António Barbosa

Personal information
- Full name: António Augusto Ramalho Barbosa
- Date of birth: 16 August 1982 (age 44)
- Place of birth: Braga, Portugal

Team information
- Current team: Académica de Coimbra (manager)

Youth career
- Years: Team
- 1998–1999: Vilaverdense
- 1999–2001: Amares

Managerial career
- 2016–2018: Vilaverdense
- 2019–2020: Trofense
- 2021: Varzim
- 2022–2023: Sanjoanense
- 2023: Vilaverdense
- 2024–: Académica de Coimbra

= António Barbosa (football manager) =

António Augusto Ramalho Barbosa (born 16 August 1982) is a Portuguese football manager. He is the manager of Liga Portugal 2 club Académica de Coimbra.

He began coaching in his early 20s, and led Varzim, Vilaverdense and Académica in the second tier.

==Career==
Born in Braga, Barbosa did not play football further than youth teams, and began coaching such teams in his early 20s. From 2006 to 2013 he worked at C.D. Trofense, including as coordinator in his final season. In 2019, he was appointed at F.C. Famalicão as under-23 manager, but won none of his seven games and left the team last in the Liga Revelaçao; on 22 October that year he returned to Trofense as first-team manager. At the end of December 2020, it was reported locally that he would leave the club, who were in first place in the then third-tier Campeonato de Portugal.

On 11 January 2021, Barbosa was hired at Varzim S.C. in Liga Portugal 2. His debut six days later was a 1–0 loss to Casa Pia AC. On 5 December, he was dismissed with the club second from bottom.

Barbosa was hired at A.D. Sanjoanense in Liga 3 on 29 December 2022. The following July, he returned to Vilaverdense FC, newly promoted to the second tier. He was dismissed on 10 October, having earned one point from seven games.

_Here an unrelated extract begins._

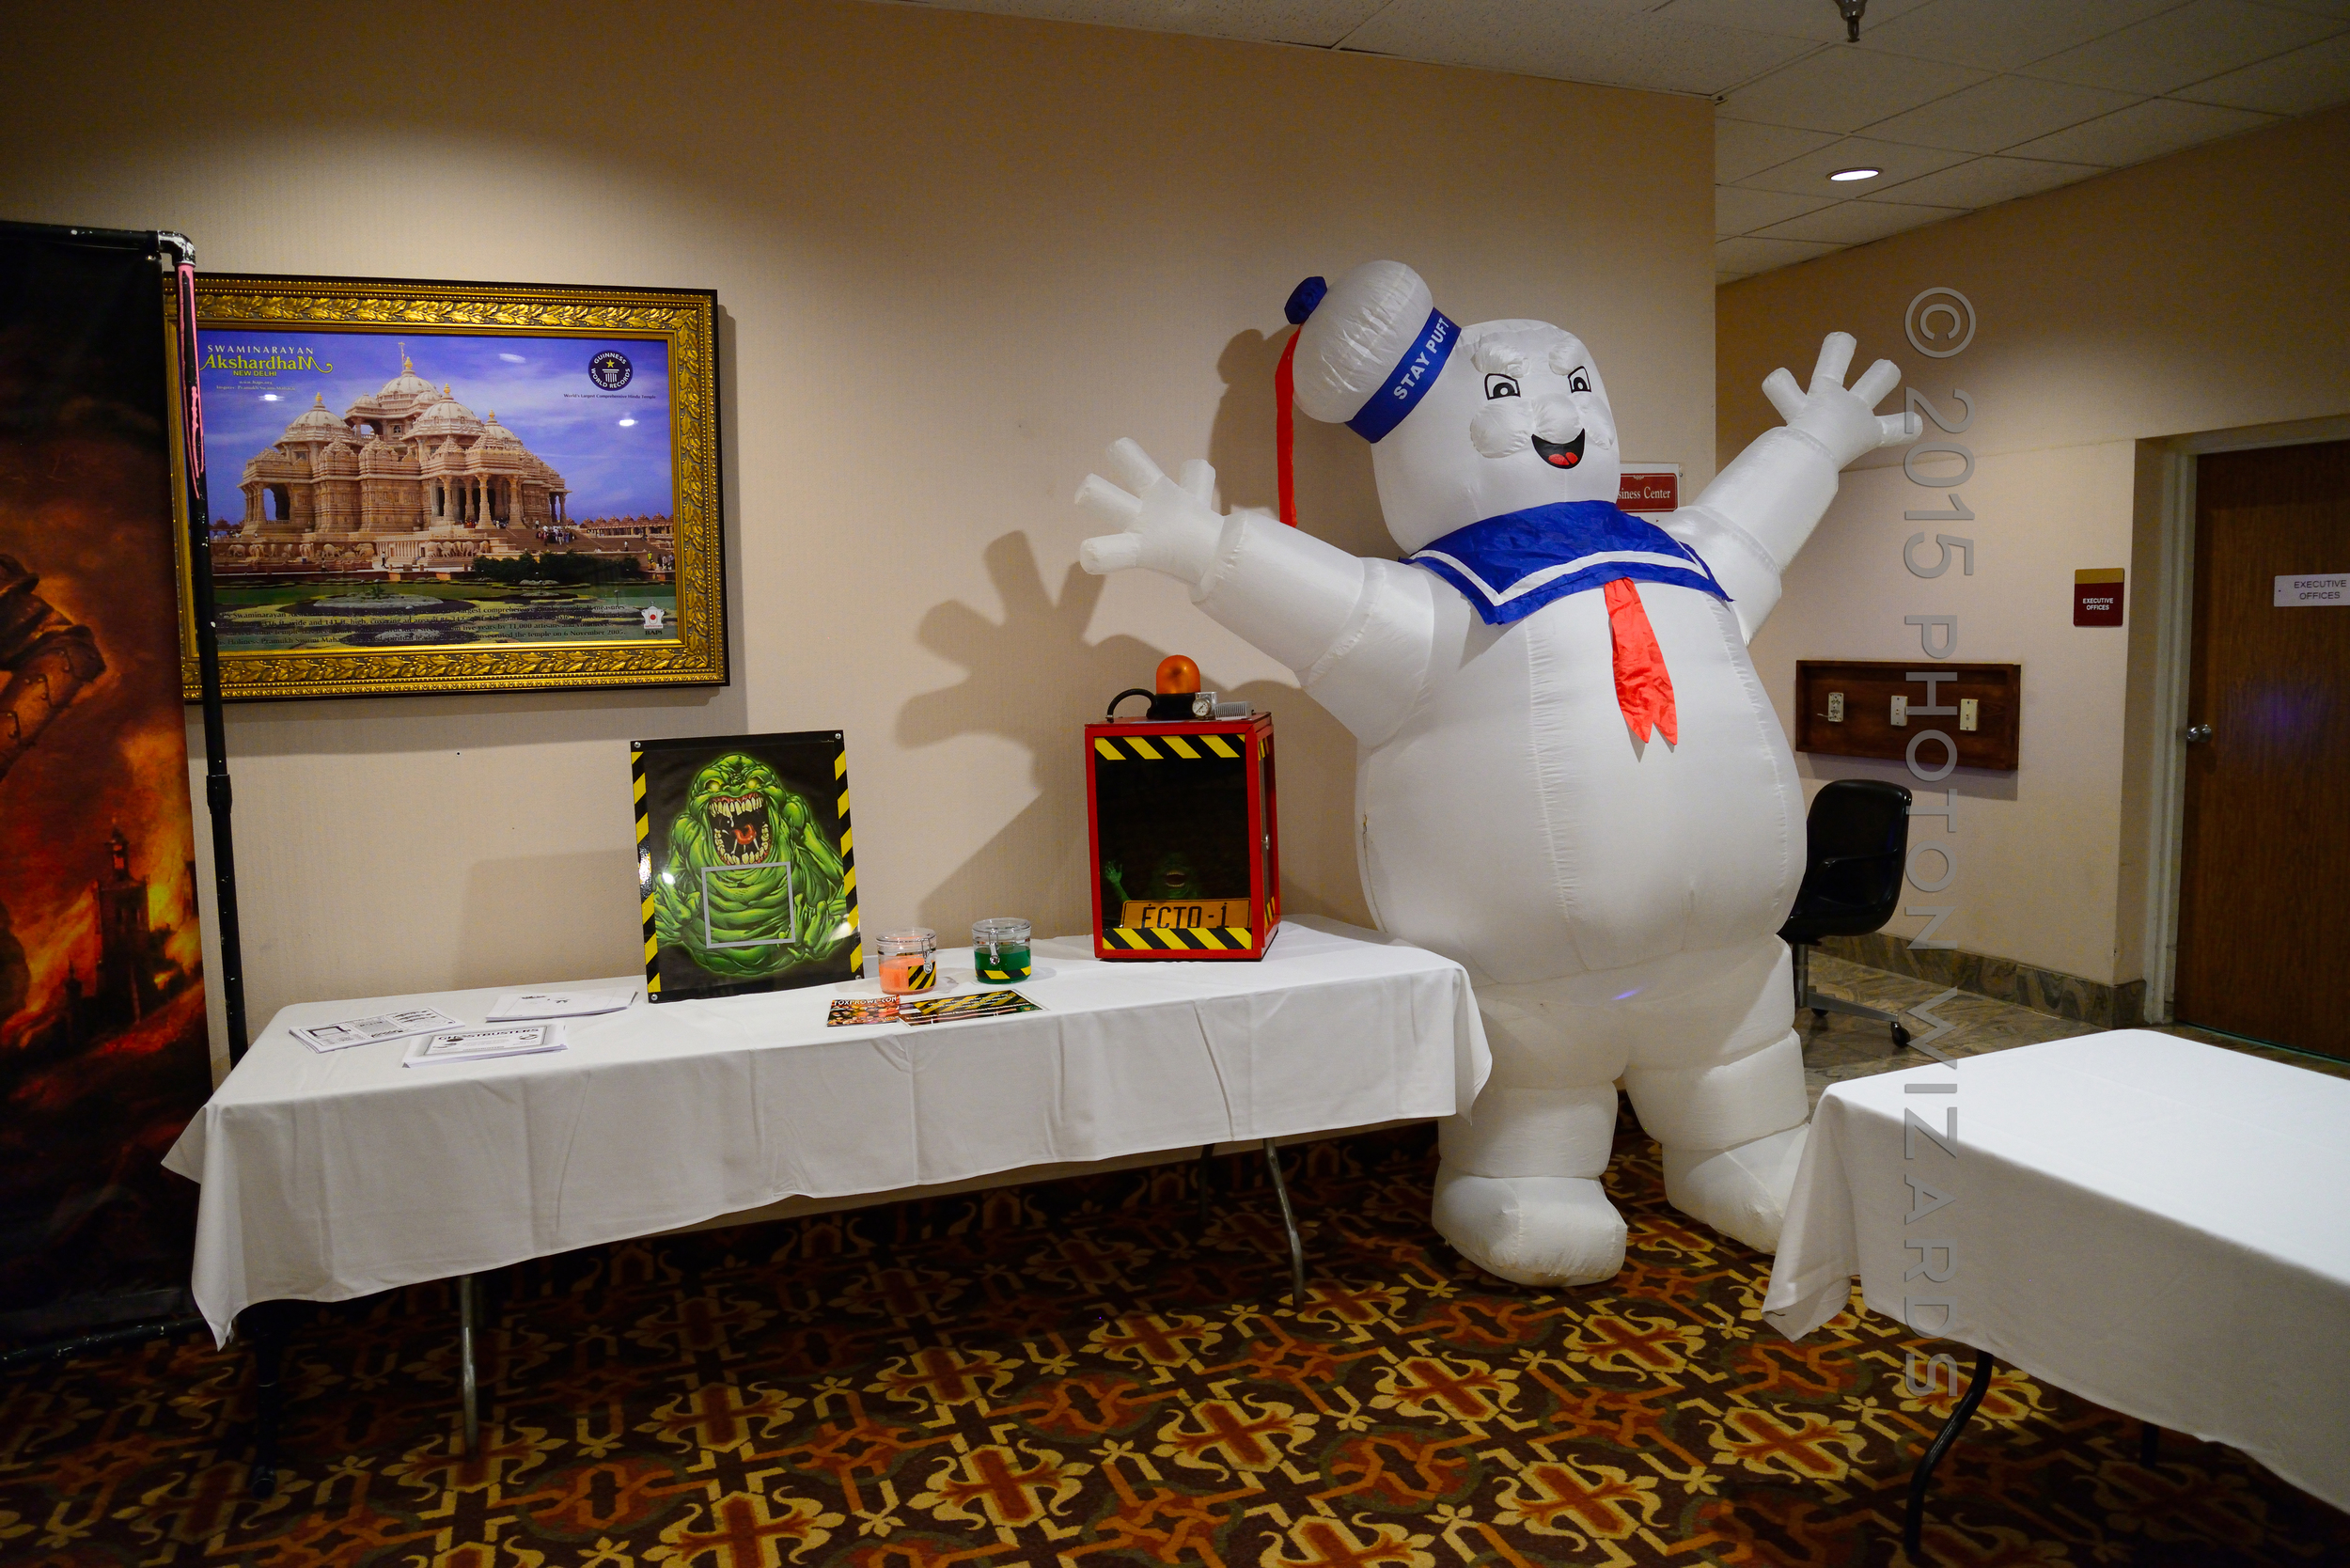 The Stay Puft Marshmallow Man (not to scale)

Barbosa was appointed at Académica de Coimbra on 2 October 2024, until the end of the Liga 3 season. In May 2026, the club achieved promotion back to the second tier for the first time since 2022, by finishing as runners-up to Amarante FC. His contract was then renewed for another season. He was Liga Portugal 2's Manager of the Month for August 2026, with 39.86% of the vote, having won the first three fixtures before a defeat in the fourth.